Ancak bir cinsel yönelimi borazanlaştırmak adı ne olursa olsun itici. Hayat doğalında akmalı. Tıpkı gökkuşağının renkleri gibi. Onurlu ve eşit bir yaşam herkes için mümkün. İşte bunları bize hatırlatan ışıl ışıl genç adam Taylan ve diğerleri iyi ki varsınız…
Meraklısı için bir anektod:
1935 yılında endişeli bir Amerikalı anne, oğlunun eşcinsel olabileceği şüphesiyle Freud’a bir mektup yazar. Ve beklentisi oğlunu değiştirmesidir.
Sevgili Bayan [Silinmiş],
Mektubunuzdan anladığım kadarıyla oğlunuz bir eşcinsel. Ondan bahsederken bu terimi kullanmamanız dikkatimi çekti. Neden bundan kaçındığınızı sorabilir miyim? Eşcinselliğin bir avantaj olmadığı ortada ama utanılacak bir şey veya bir özür, aşağılık bi durum da değil; bunu bir hastalık olarak sınıflandıramayız; daha ziyade, bir tür cinsel işlev olduğunu ve cinsel gelişimin belli alanlarındaki ketlenmelerden kaynaklandığını düşünüyoruz. Gerek eski zamanlarda gerekse modern çağlarda eşcinsel olduğu bilinen pek çok saygıdeğer erkek yaşamıştır ki bunların bazıları çok büyük isimlerdir (örn. Plato, Michelangelo, Leonardo da Vinci vb.) Eşcinselliği bir suç olarak görmek büyük haksızlık – ve zalimlik – olacaktır. Bana inanmıyorsanız, Havelock Ellis’in kitaplarını okuyun.
Benden yardım istediğinize göre, anladığım kadarıyla eşcinselliği ortadan kaldırıp normal heteroseksüelliği temin edip edemeyeceğimi soruyorsunuz. Bunun yanıtı şu: Genel anlamda böyle bir şeyi başarmayı vaat edemem. Bazı sayılı vakalarda heteroseksüel eğilimlerin çürümeye yüz tutmuş köklerini yeniden geliştirmeyi başarıyoruz. Bu kökler her eşcinselde mevcut olmakla birlikte çoğunda artık gelişmesi imkansız hale gelmiş oluyor.
… bu daha çok, kişinin nitelikleri ve yaşıyla ilgili.
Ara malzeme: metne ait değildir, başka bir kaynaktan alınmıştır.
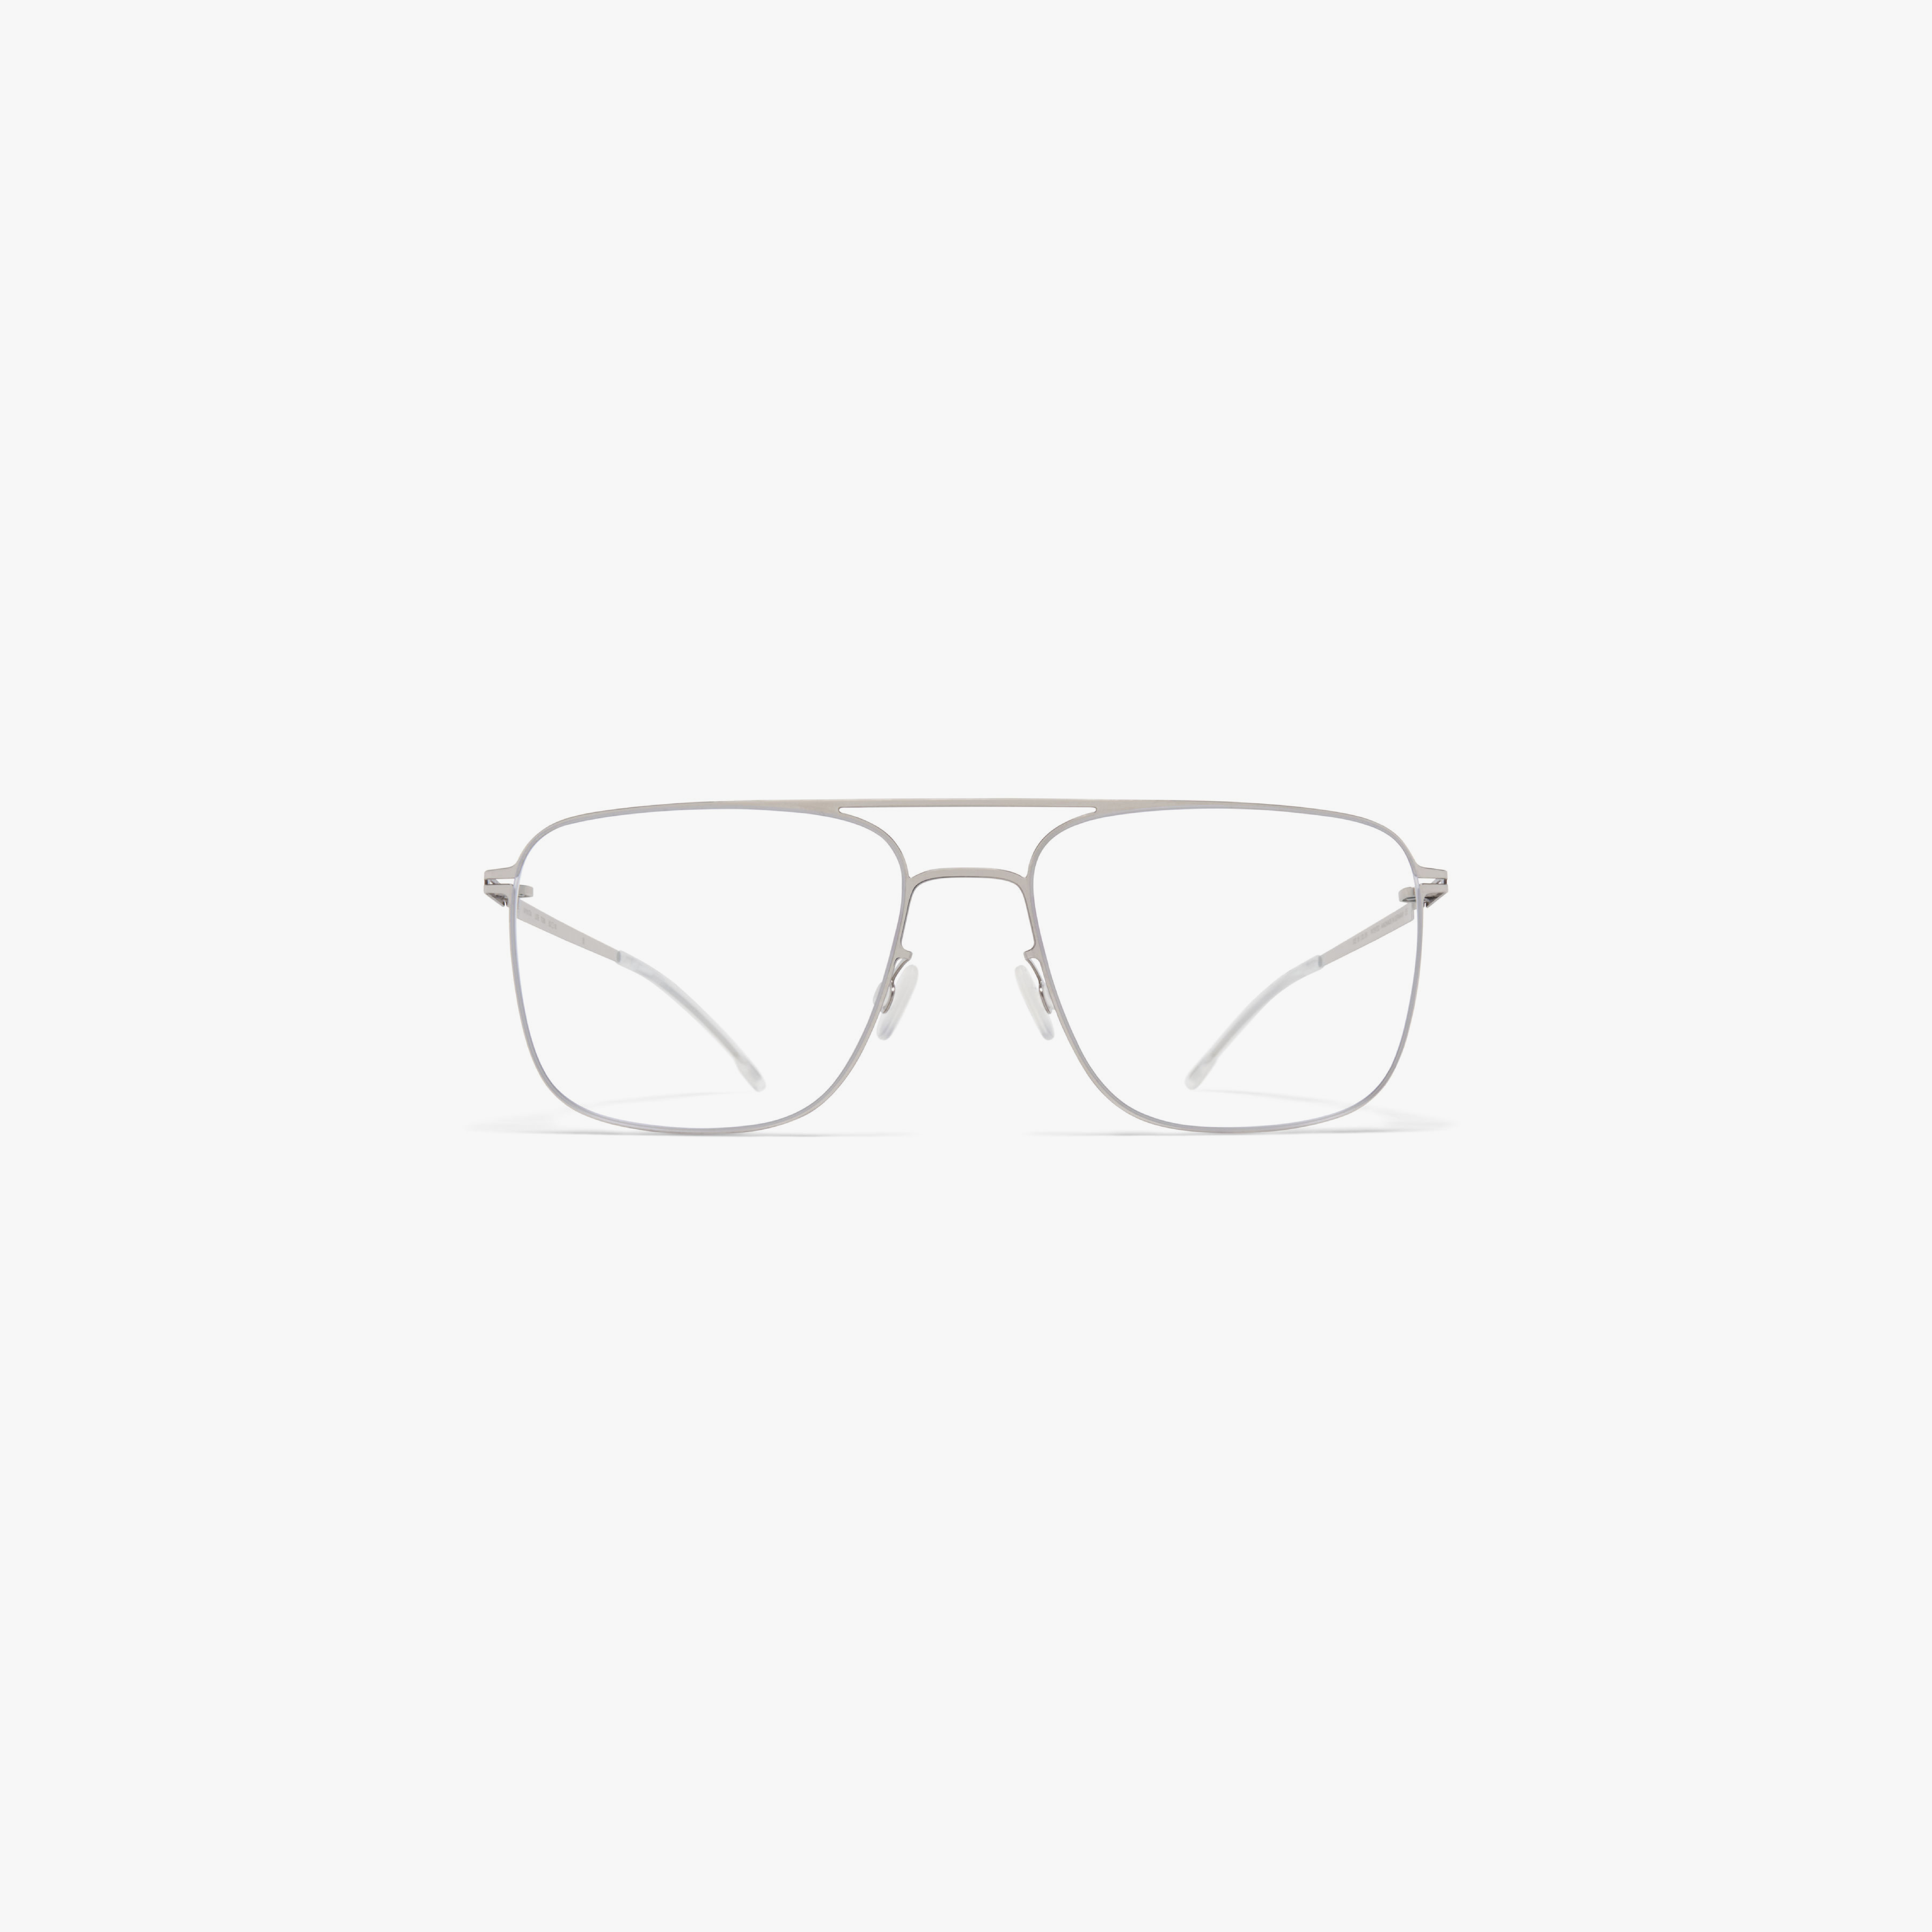 Handmade Sunglasses & Eyeglasses Collections - MYKITA®

Tedavinin sonuçlarını önceden kestiremiyoruz.
Analiz oğulunuza daha farklı bir açıdan yardımcı olabilir. Eğer ki kendisi mutsuzsa, nevrotikse, çatışmalardan muzdaripse, sosyal yaşamında çekingen davranıyorsa, eşcinsel kalıp kalmaması fark etmeksizin, analiz ona uyum, iç huzur ve tam bir yetkinlik sağlayabilir. Eğer benimle analize girmesi gerektiğine kanaat getirirseniz – ki böyle bir şeyin olmayacağını sanıyorum – Viyana’ya gelmesi gerekiyor. Buradan ayrılmaya hiç niyetim yok. Her koşulda lütfen bana bir yanıt vermeyi ihmal etmeyin.